Local control needed
to improve schools


Earlier this year, Democratic legislators derailed Governor Lingle's school reform proposals, including a bill that would have removed principals from the Hawaii Government Employees Association.

According to the Democrats, the bill was unconstitutional. A Feb. 11 Star-Bulletin editorial called this "ridiculous and absurd," and pinpointed the basis of the Democrats' position: "The principals' protective treatment (has) everything to do with public employee unions' political muscle and nothing to do with the Constitution."

The Democrats also have asserted that without the protection of tenure and collective bargaining rights, no one would want to be a principal. It would cripple recruitment efforts, they said in a Feb. 8 Star-Bulletin story ("School principals bill gets derailed").

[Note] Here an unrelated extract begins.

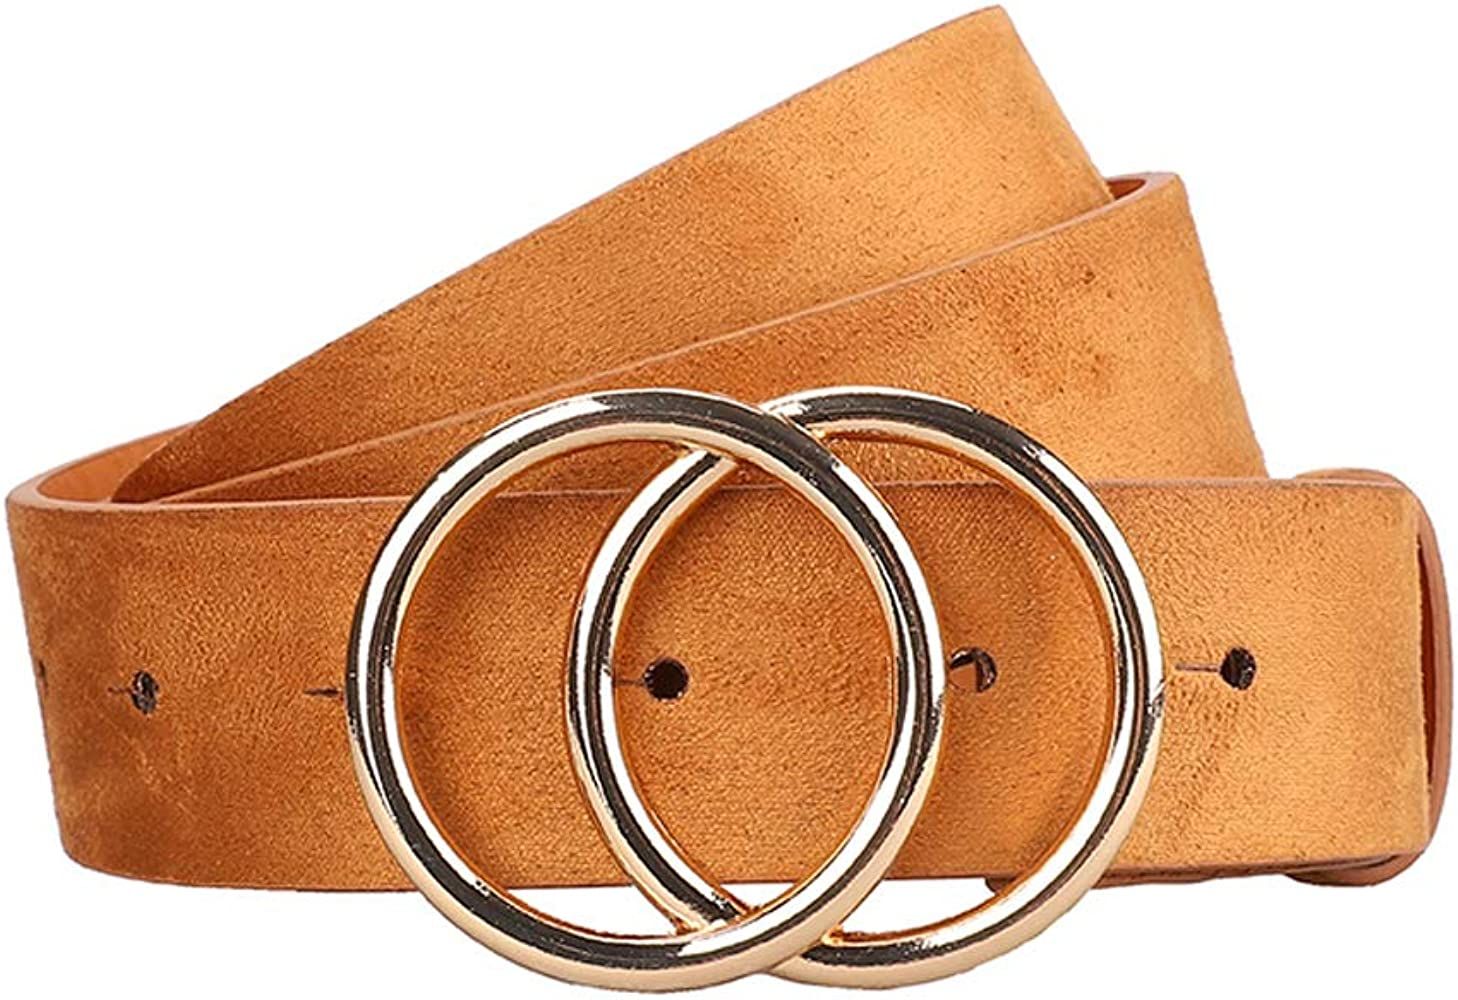 Earnda Women's Leather Belt Fashion Soft Faux Leather Waist Belts For Jeans Dress Camel Medium at... | Amazon (US)

This isn't just ridiculous or absurd, it just doesn't make sense.

What would be absurd would be to think that we want people at the head of our schools who feel a need for absolute job security or who insist upon compensation unrelated to performance.

It also would be absurd to buy arguments now being made by union leaders that an expected shortage of principals is a reason to leave things exactly as they are. Their thinking is, if we don't maintain the status quo of principals in the union, we will not be able to fill these critically important positions.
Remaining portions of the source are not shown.